AVAILABLE DATA:

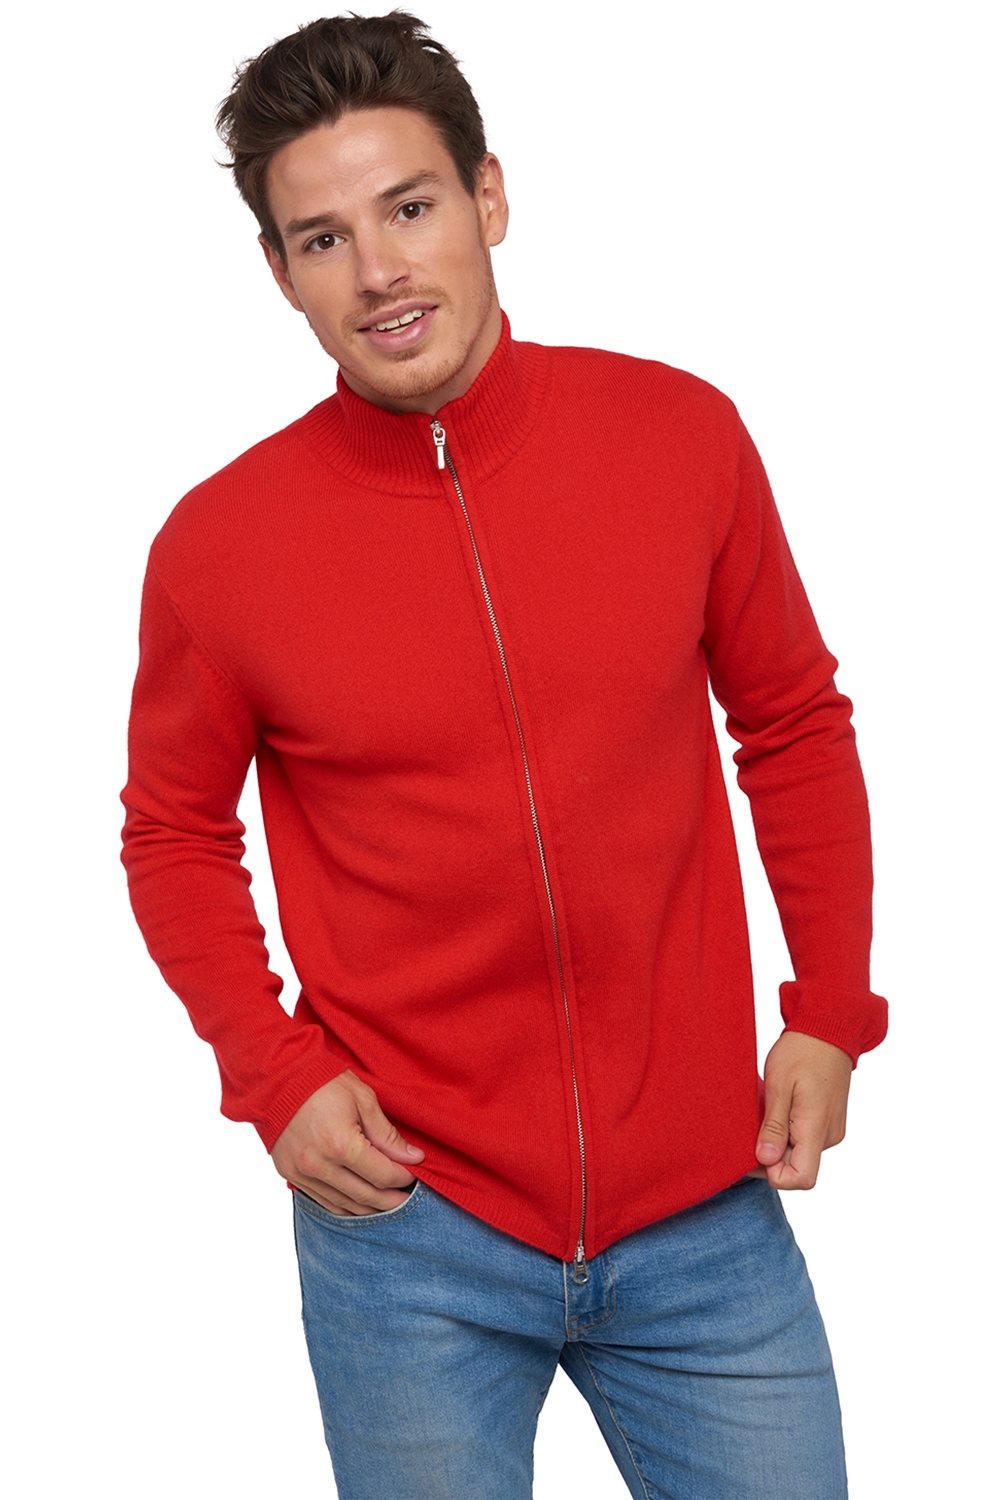 Cashmere men waistcoat sleeveless sweaters elton rouge m
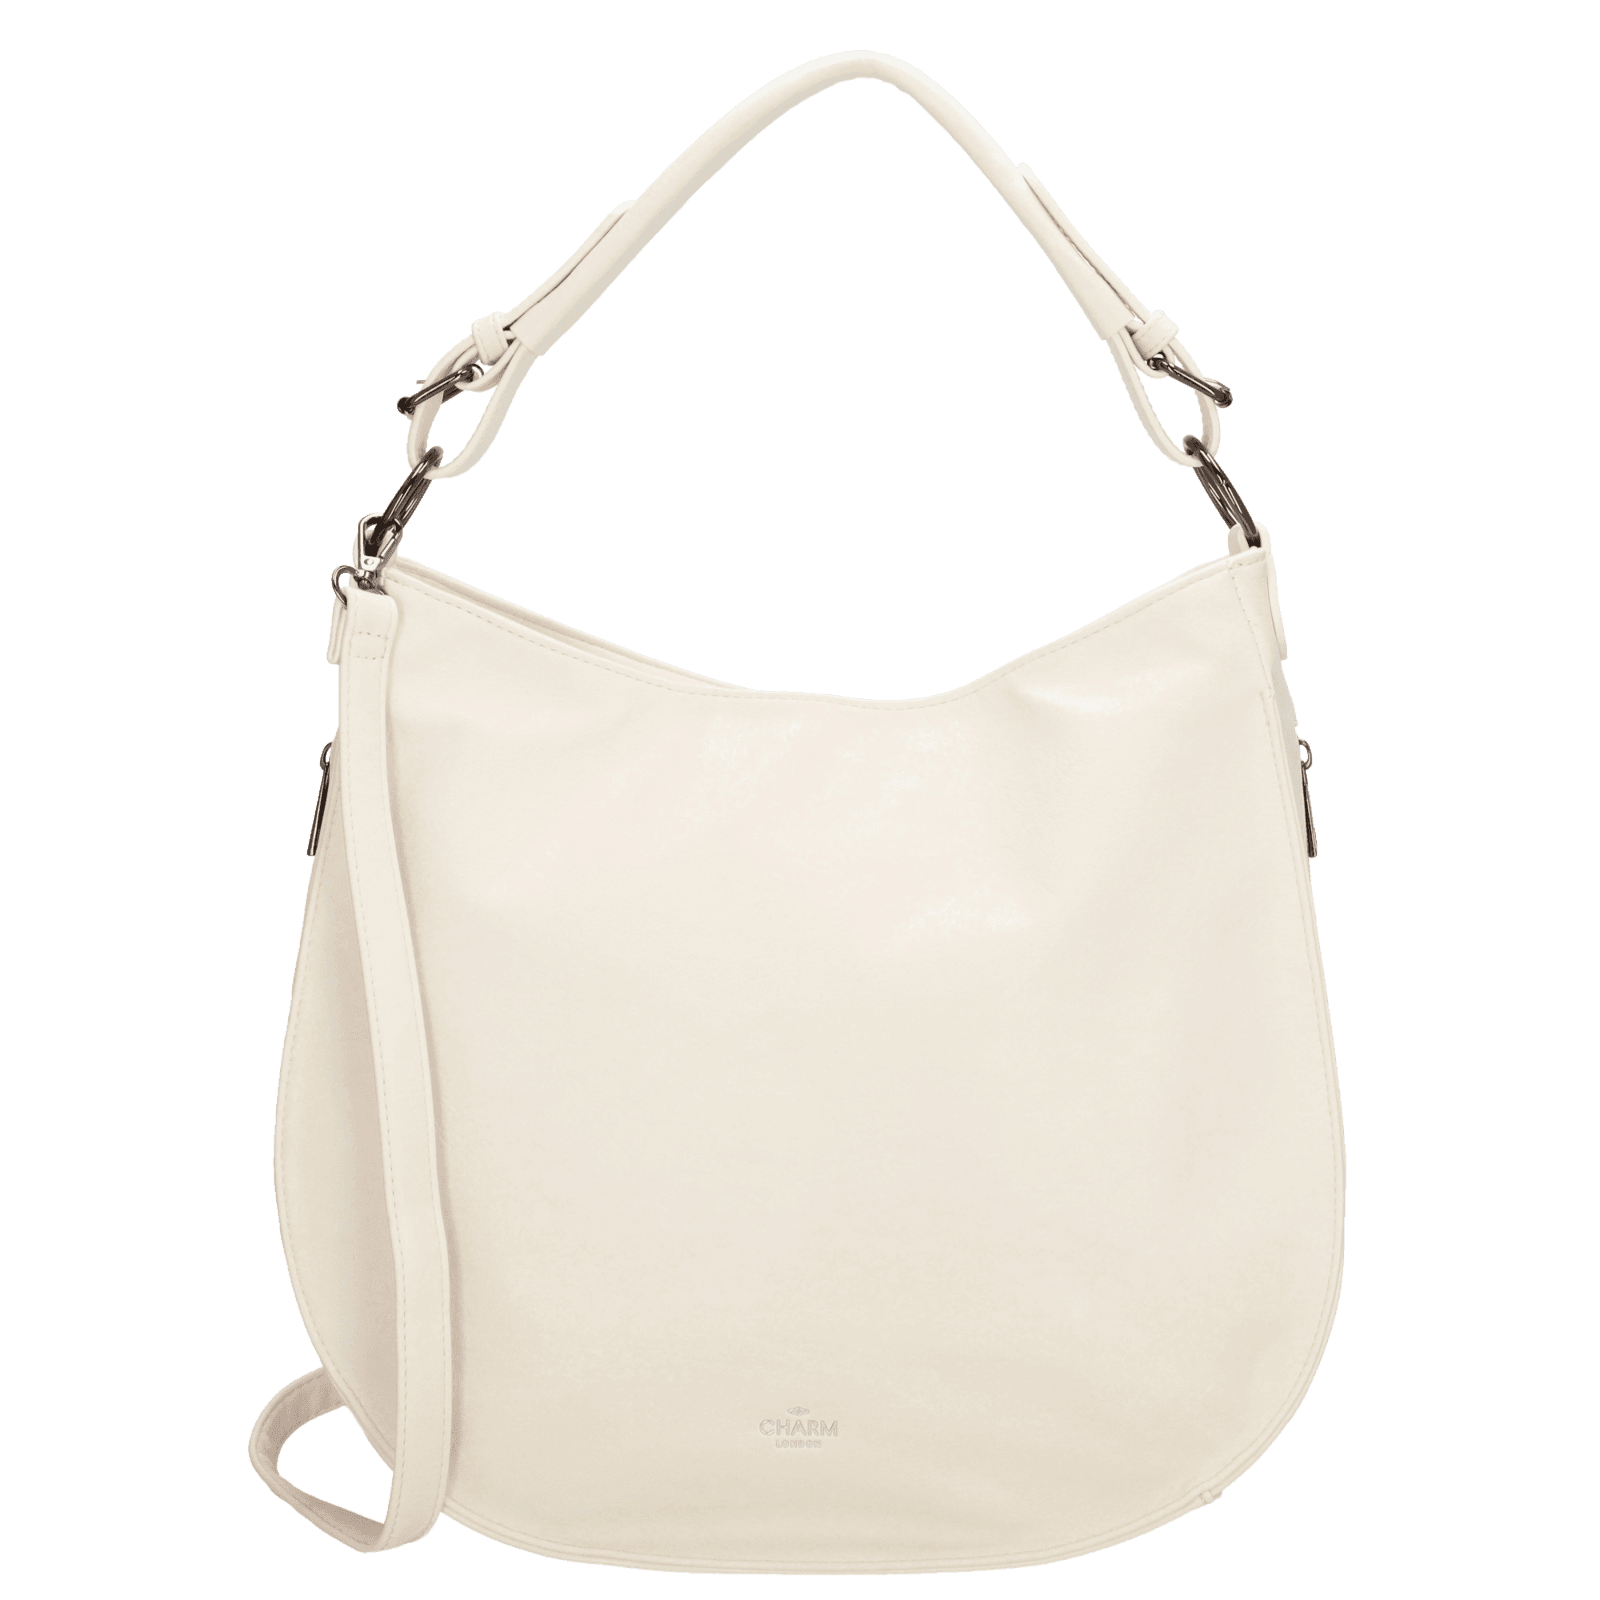 Charm London Liberty Shopper taška z umělé kůže - bílá
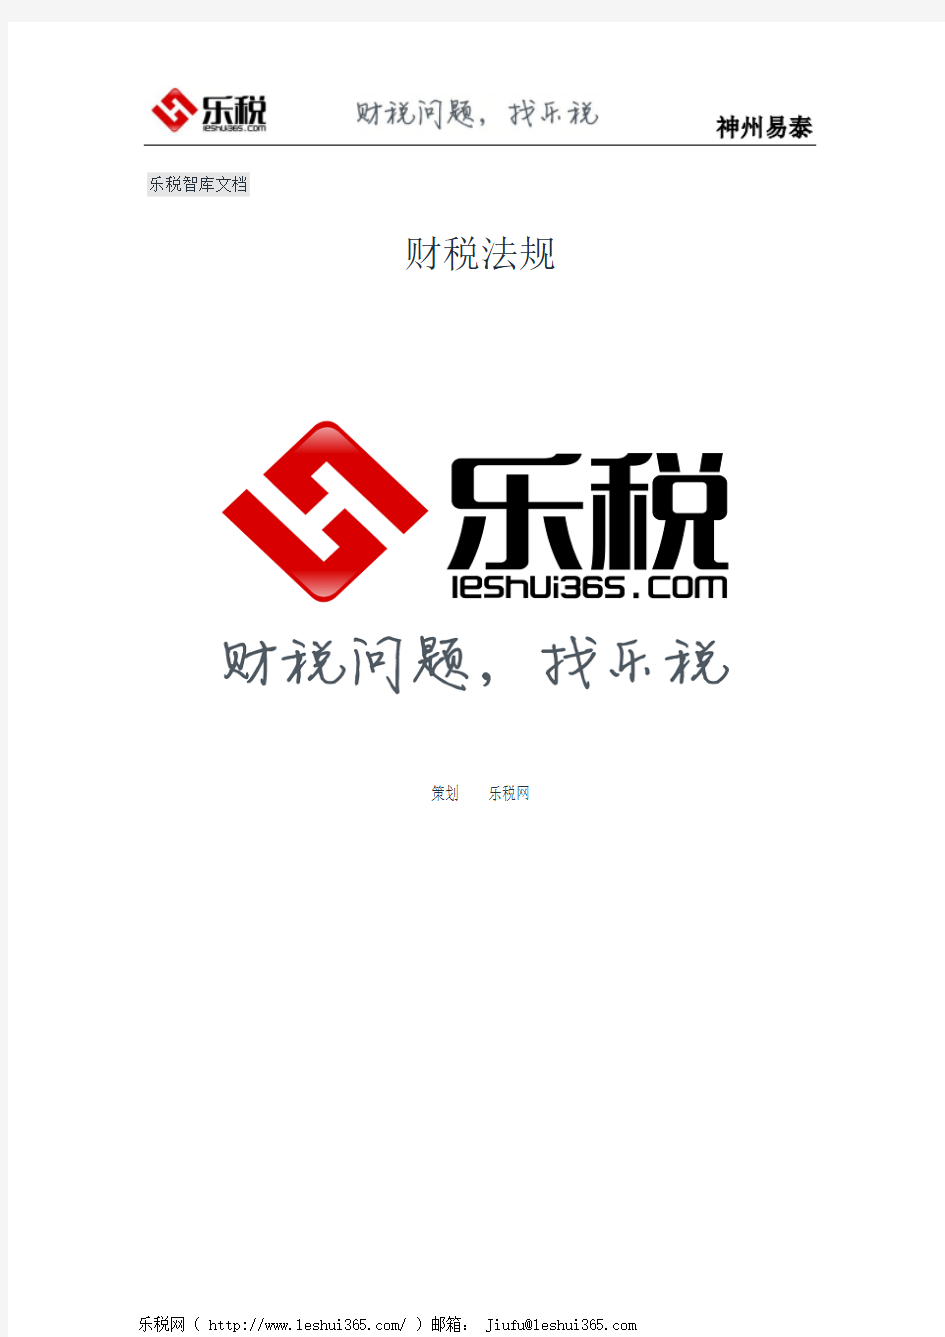 上海市国家税务局上海市地方税务局关于上海市税务系统办税服务厅

WHAT NEEDS TO BE DONE: The data must be reproduced exactly, and no picture may appear in the copy.

OUTPUT BELOW:
 Cashmere men waistcoat sleeveless sweaters elton rouge m
 Charm London Liberty Shopper taška z umělé kůže - bílá
 上海市国家税务局上海市地方税务局关于上海市税务系统办税服务厅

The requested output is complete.